Assignment -
Leaving the pictures aside, return the listing exactly as it appears.

+++ Available data +++

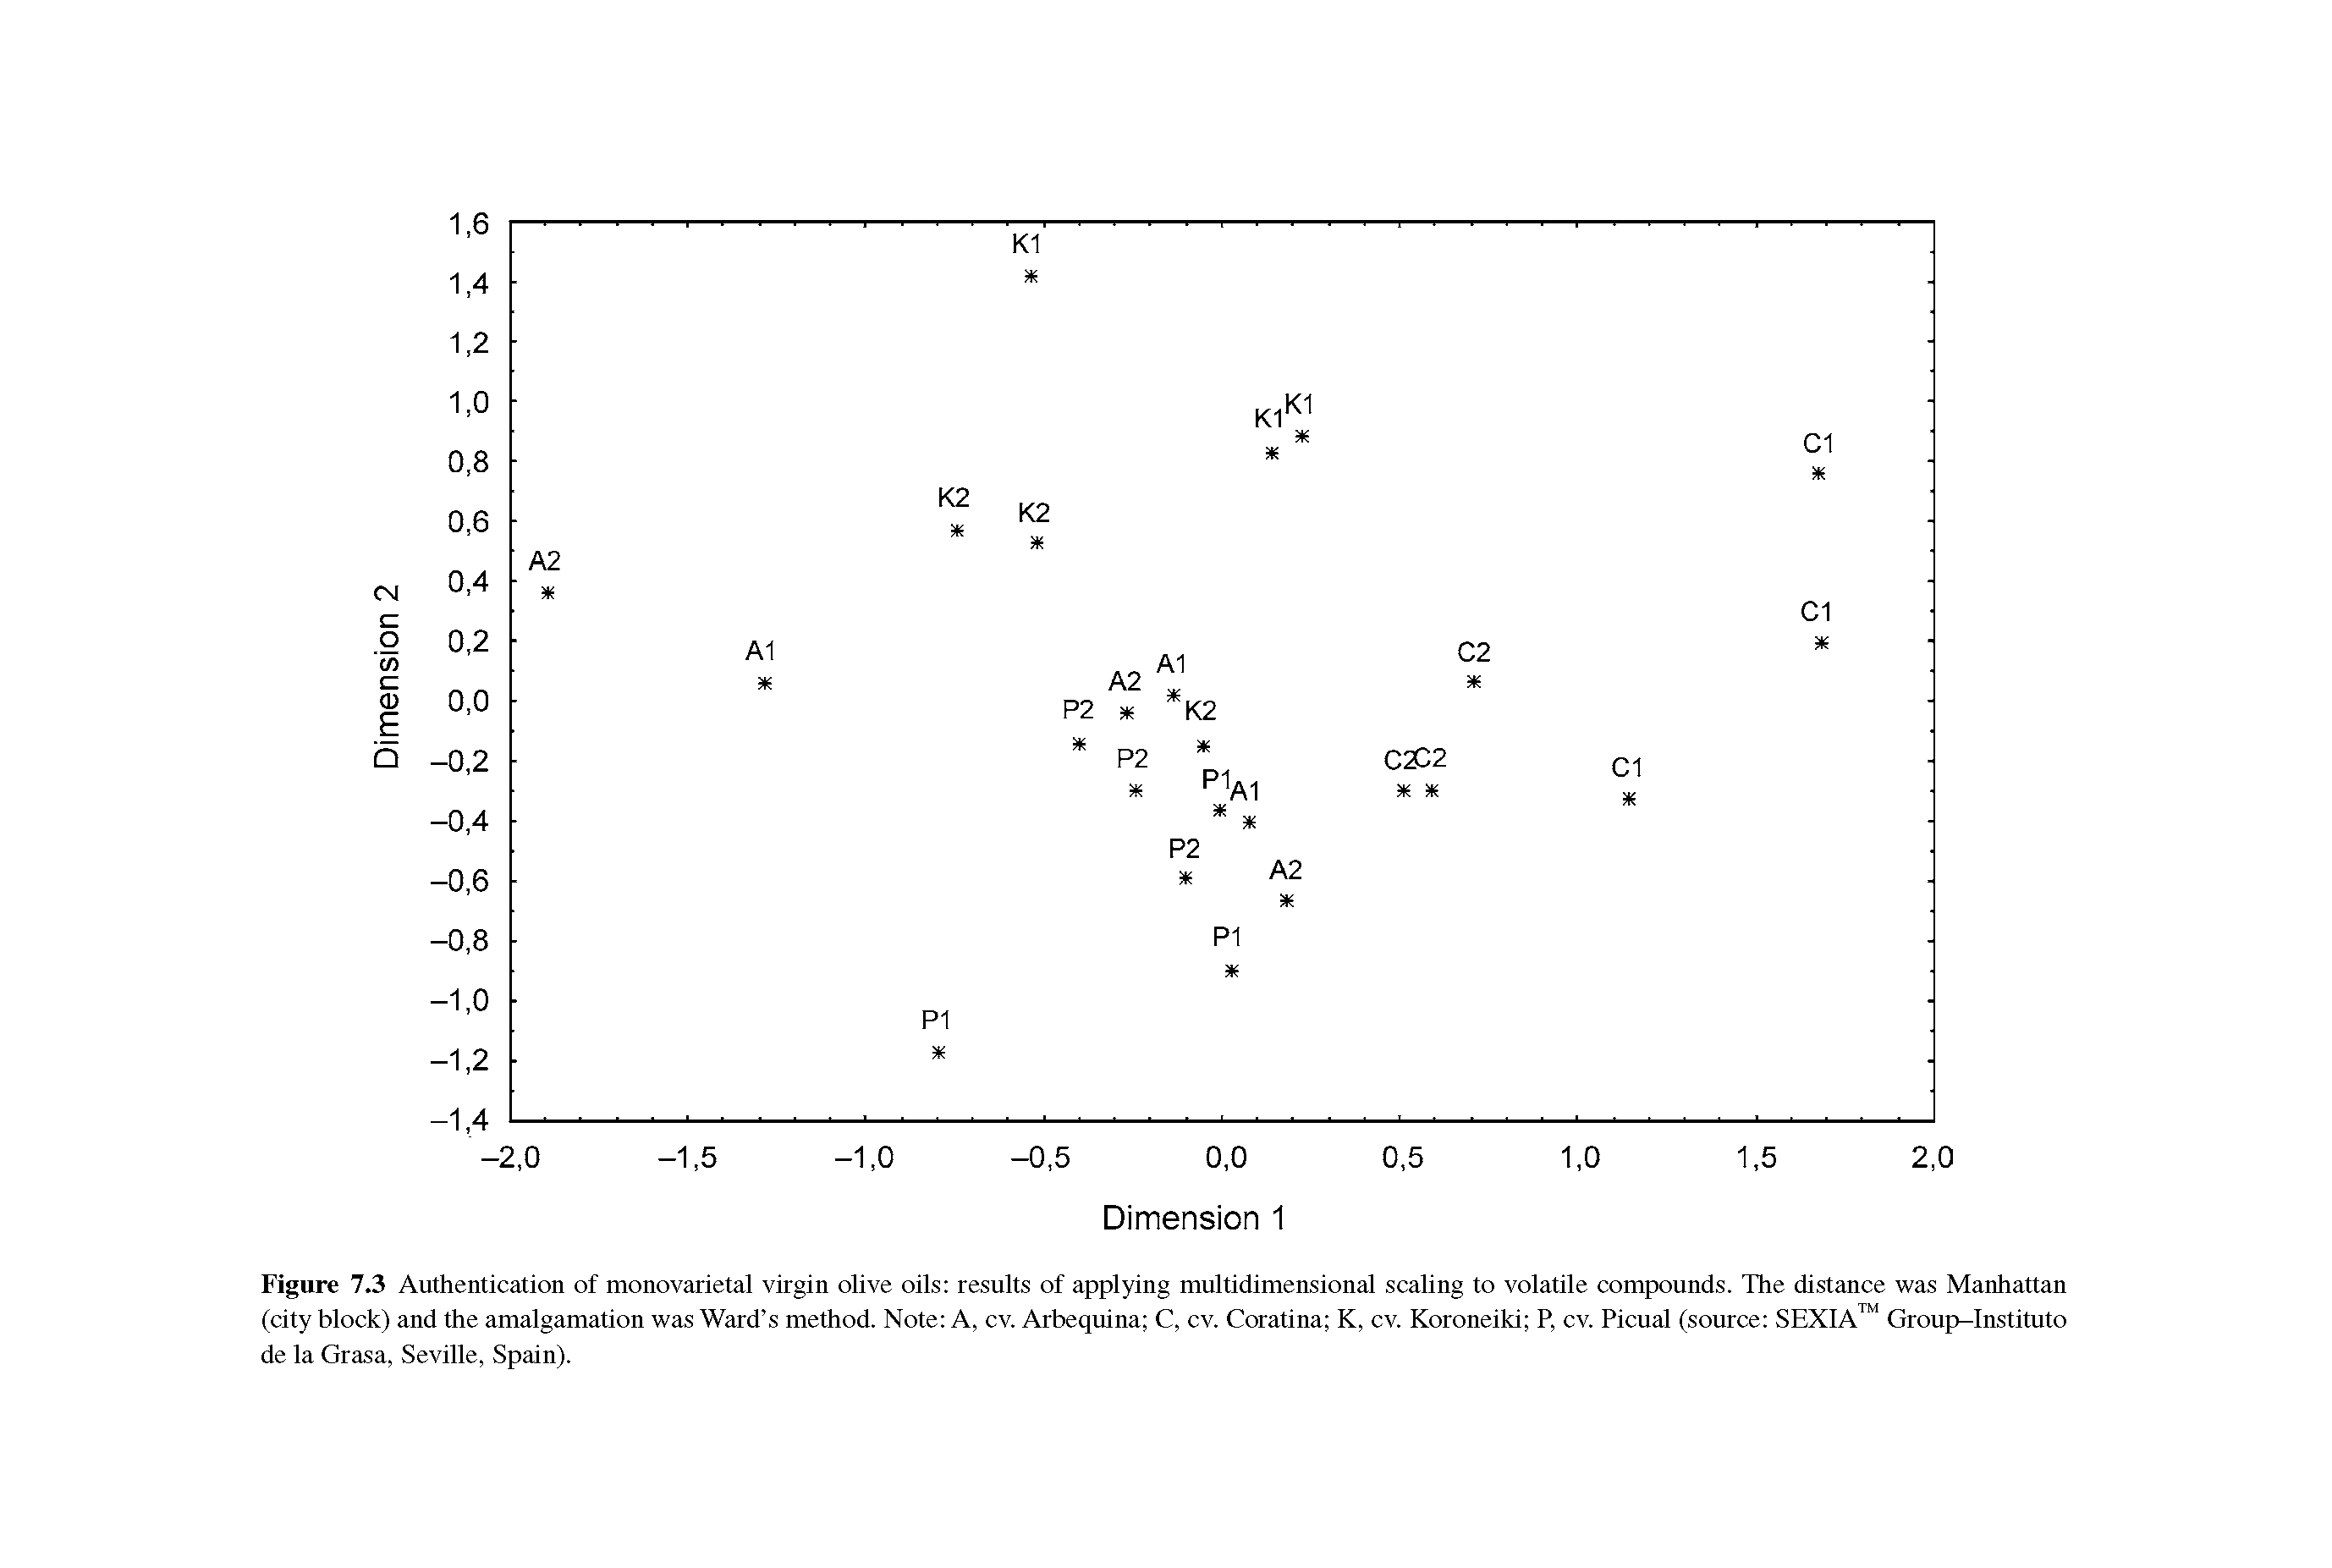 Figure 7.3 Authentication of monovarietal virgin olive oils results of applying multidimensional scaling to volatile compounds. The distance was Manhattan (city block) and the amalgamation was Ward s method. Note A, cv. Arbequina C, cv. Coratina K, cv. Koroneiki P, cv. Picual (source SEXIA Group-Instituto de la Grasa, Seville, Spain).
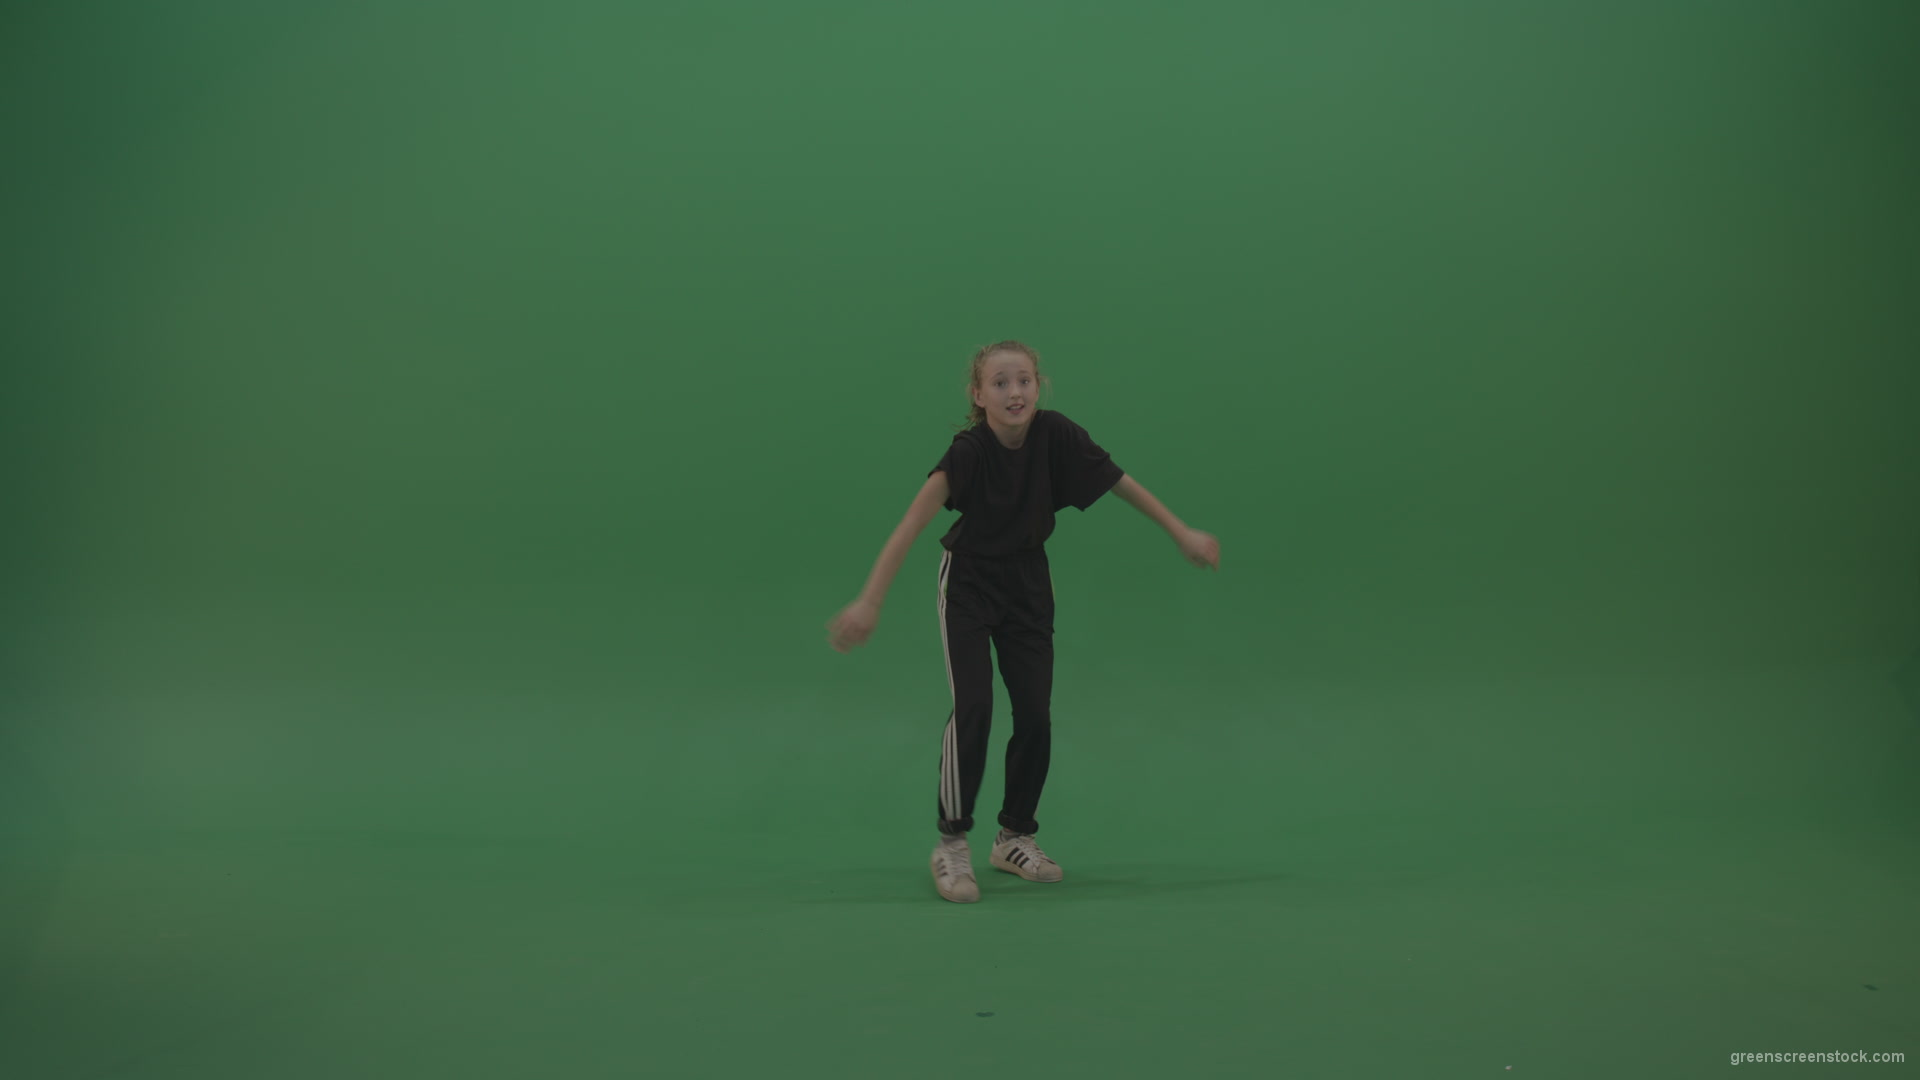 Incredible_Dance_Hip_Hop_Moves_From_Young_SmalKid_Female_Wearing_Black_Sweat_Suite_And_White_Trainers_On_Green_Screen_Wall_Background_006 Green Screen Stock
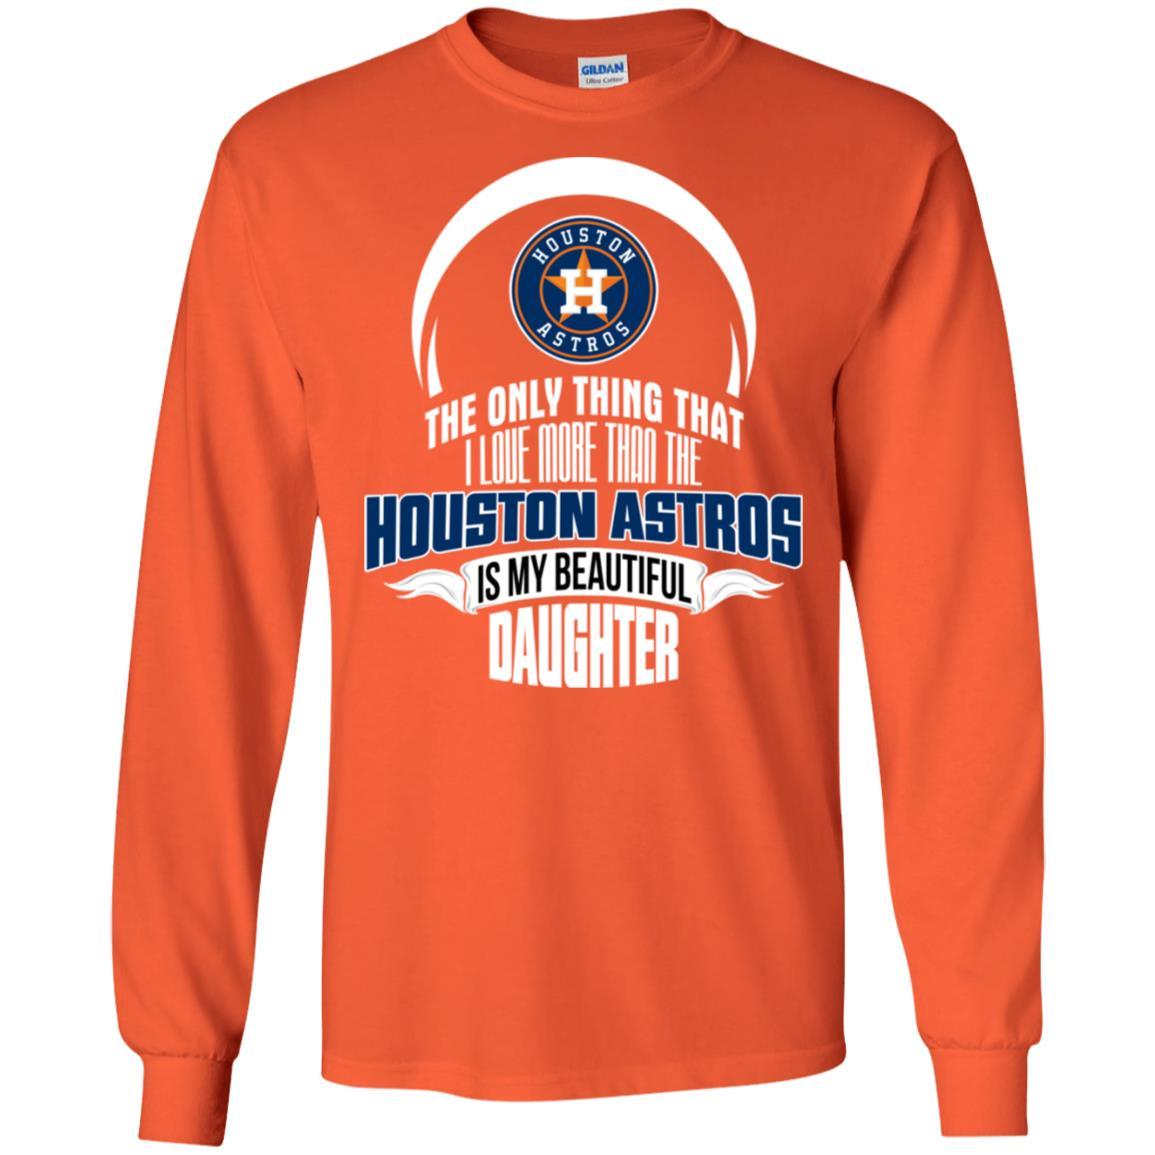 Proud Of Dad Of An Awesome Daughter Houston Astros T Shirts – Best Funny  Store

+++

Exercise response -
 Figure 7.3 Authentication of monovarietal virgin olive oils results of applying multidimensional scaling to volatile compounds. The distance was Manhattan (city block) and the amalgamation was Ward s method. Note A, cv. Arbequina C, cv. Coratina K, cv. Koroneiki P, cv. Picual (source SEXIA Group-Instituto de la Grasa, Seville, Spain).
 Incredible_Dance_Hip_Hop_Moves_From_Young_SmalKid_Female_Wearing_Black_Sweat_Suite_And_White_Trainers_On_Green_Screen_Wall_Background_006 Green Screen Stock
 Proud Of Dad Of An Awesome Daughter Houston Astros T Shirts – Best Funny  Store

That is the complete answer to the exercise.